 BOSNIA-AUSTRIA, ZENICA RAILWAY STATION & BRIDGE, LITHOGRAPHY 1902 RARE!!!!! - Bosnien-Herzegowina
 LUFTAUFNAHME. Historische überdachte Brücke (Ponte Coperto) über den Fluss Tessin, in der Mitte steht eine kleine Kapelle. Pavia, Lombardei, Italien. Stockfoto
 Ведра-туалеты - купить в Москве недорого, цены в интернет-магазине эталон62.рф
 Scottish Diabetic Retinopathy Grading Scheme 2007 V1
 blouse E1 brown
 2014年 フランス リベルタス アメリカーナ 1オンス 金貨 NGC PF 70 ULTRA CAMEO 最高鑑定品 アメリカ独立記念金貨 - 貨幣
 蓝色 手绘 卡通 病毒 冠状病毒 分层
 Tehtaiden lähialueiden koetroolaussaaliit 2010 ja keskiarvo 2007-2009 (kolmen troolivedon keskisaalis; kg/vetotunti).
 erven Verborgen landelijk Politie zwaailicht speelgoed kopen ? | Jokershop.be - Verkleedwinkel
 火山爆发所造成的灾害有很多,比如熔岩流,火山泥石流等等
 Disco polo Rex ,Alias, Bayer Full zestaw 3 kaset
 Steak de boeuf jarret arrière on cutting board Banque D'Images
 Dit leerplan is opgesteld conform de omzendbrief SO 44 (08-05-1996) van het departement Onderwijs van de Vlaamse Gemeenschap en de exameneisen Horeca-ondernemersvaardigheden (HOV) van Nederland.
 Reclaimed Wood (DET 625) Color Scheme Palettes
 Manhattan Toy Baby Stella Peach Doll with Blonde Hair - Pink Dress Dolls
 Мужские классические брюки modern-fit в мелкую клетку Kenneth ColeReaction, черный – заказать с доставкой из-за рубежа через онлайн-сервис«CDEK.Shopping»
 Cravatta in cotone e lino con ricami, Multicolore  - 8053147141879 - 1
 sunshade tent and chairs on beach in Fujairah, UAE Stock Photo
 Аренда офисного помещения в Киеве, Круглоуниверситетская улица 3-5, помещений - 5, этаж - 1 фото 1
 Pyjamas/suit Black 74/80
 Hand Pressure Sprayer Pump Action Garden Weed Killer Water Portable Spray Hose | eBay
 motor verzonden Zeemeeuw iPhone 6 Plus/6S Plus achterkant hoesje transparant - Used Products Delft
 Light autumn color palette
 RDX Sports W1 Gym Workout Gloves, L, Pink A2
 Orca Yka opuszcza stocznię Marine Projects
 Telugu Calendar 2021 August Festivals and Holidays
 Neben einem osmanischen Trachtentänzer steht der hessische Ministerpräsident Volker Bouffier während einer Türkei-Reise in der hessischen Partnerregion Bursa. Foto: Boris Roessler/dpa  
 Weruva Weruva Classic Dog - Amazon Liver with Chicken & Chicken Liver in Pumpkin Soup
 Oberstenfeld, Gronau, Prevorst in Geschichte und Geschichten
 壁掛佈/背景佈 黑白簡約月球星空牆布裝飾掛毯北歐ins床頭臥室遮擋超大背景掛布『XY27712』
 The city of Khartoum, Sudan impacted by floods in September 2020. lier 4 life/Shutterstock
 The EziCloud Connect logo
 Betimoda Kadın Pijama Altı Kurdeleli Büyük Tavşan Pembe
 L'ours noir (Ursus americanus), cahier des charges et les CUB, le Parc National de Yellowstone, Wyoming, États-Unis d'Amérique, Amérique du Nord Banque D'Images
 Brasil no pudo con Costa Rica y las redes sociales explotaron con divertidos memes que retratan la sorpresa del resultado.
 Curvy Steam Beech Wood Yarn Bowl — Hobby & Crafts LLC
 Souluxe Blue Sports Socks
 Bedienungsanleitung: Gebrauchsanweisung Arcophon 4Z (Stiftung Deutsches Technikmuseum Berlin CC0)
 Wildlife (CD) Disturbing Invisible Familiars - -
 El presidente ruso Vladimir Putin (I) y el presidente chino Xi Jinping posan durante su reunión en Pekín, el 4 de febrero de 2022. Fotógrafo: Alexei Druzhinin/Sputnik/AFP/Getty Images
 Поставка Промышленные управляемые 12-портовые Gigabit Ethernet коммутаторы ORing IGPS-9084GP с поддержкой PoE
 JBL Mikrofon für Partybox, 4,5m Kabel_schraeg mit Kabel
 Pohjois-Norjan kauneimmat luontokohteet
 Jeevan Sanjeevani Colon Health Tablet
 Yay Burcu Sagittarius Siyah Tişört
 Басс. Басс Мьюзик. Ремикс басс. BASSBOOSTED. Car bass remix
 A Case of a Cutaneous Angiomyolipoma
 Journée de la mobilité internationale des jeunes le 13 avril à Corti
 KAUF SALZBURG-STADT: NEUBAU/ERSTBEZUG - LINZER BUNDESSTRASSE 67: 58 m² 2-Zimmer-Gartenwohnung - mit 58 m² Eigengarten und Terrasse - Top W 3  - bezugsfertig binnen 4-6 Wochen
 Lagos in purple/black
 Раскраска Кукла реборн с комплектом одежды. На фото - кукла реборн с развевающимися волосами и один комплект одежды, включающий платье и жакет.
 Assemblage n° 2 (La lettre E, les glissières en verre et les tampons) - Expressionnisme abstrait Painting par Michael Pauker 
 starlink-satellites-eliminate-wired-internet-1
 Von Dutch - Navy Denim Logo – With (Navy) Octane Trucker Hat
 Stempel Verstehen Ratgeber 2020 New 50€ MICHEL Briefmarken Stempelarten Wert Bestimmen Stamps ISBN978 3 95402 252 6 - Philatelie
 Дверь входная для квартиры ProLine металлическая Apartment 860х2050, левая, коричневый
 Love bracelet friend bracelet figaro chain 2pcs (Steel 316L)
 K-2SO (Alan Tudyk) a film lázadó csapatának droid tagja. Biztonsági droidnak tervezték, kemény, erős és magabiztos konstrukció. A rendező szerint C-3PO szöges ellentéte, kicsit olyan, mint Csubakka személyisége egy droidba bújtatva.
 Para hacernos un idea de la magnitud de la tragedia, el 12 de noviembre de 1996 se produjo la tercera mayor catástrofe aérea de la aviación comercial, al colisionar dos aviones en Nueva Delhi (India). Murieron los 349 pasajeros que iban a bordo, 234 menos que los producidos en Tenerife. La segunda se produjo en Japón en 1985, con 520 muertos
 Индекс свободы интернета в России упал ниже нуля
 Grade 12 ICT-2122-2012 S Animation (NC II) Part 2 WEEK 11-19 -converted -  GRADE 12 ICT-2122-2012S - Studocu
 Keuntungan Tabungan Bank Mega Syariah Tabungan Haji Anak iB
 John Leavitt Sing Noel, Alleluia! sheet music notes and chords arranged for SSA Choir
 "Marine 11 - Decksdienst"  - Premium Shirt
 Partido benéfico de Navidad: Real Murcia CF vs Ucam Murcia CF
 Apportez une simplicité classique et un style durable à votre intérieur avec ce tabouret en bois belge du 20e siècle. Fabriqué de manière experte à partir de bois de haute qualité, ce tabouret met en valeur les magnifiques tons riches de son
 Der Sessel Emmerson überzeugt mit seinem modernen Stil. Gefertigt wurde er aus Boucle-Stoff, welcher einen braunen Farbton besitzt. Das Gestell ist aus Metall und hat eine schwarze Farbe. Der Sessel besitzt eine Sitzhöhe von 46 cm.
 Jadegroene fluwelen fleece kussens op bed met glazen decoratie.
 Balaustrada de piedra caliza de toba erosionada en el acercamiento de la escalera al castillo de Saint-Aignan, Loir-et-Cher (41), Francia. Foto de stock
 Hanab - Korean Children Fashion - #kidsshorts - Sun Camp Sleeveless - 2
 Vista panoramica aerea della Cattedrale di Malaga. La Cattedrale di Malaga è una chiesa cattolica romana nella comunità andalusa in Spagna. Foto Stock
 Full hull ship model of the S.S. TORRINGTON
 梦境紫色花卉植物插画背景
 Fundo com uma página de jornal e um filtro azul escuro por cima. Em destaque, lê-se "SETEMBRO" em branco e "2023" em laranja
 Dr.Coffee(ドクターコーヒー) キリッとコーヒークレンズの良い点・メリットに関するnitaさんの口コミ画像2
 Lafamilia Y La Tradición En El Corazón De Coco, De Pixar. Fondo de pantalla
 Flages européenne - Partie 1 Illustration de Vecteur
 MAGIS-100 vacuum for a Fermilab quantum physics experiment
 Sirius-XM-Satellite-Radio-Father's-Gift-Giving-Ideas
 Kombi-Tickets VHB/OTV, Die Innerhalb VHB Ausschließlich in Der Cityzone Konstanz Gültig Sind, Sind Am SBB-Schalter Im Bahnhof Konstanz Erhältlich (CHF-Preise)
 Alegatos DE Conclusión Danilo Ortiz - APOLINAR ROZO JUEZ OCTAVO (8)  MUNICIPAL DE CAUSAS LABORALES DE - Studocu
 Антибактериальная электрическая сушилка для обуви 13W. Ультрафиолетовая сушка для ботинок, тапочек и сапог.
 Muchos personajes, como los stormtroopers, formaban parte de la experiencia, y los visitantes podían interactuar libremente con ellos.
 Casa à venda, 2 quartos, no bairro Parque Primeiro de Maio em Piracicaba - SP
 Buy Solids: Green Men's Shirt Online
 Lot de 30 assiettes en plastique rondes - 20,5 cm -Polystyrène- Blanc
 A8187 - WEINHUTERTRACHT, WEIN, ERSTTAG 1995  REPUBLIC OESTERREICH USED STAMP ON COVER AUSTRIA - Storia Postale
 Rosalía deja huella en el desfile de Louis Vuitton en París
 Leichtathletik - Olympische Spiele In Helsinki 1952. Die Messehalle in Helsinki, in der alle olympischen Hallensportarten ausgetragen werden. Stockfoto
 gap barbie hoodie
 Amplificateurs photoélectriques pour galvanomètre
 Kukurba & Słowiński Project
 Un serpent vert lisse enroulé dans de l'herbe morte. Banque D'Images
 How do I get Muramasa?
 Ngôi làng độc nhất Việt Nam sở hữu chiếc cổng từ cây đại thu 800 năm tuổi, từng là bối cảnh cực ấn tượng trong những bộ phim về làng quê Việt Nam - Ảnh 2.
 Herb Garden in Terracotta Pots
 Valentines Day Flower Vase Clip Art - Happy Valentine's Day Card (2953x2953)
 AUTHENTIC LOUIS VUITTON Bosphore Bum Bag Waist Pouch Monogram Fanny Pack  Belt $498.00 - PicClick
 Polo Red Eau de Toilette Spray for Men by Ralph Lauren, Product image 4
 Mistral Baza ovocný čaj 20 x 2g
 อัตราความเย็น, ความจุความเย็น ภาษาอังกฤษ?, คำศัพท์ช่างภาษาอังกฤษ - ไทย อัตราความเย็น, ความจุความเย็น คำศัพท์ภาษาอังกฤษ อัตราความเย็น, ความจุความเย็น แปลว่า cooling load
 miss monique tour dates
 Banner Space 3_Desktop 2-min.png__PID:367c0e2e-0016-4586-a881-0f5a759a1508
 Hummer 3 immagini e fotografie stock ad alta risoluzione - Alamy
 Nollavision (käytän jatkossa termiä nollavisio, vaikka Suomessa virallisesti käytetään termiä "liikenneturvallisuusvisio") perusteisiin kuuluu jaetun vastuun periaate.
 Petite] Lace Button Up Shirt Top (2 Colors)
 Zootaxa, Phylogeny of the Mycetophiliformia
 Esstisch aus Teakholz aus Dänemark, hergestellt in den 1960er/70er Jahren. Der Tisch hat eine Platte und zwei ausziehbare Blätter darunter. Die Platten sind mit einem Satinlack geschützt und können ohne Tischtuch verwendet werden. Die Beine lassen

——

WHAT YOU NEED TO DO
When you reach the line in the material above that holds "KAUF SALZBURG-STADT: NEUBAU/ERSTBEZUG", begin reproducing lines exactly, and stop after the line that holds "starlink-satellites-eliminate-wired-internet-1".

RESPONSE BOX
 KAUF SALZBURG-STADT: NEUBAU/ERSTBEZUG - LINZER BUNDESSTRASSE 67: 58 m² 2-Zimmer-Gartenwohnung - mit 58 m² Eigengarten und Terrasse - Top W 3  - bezugsfertig binnen 4-6 Wochen
 Lagos in purple/black
 Раскраска Кукла реборн с комплектом одежды. На фото - кукла реборн с развевающимися волосами и один комплект одежды, включающий платье и жакет.
 Assemblage n° 2 (La lettre E, les glissières en verre et les tampons) - Expressionnisme abstrait Painting par Michael Pauker 
 starlink-satellites-eliminate-wired-internet-1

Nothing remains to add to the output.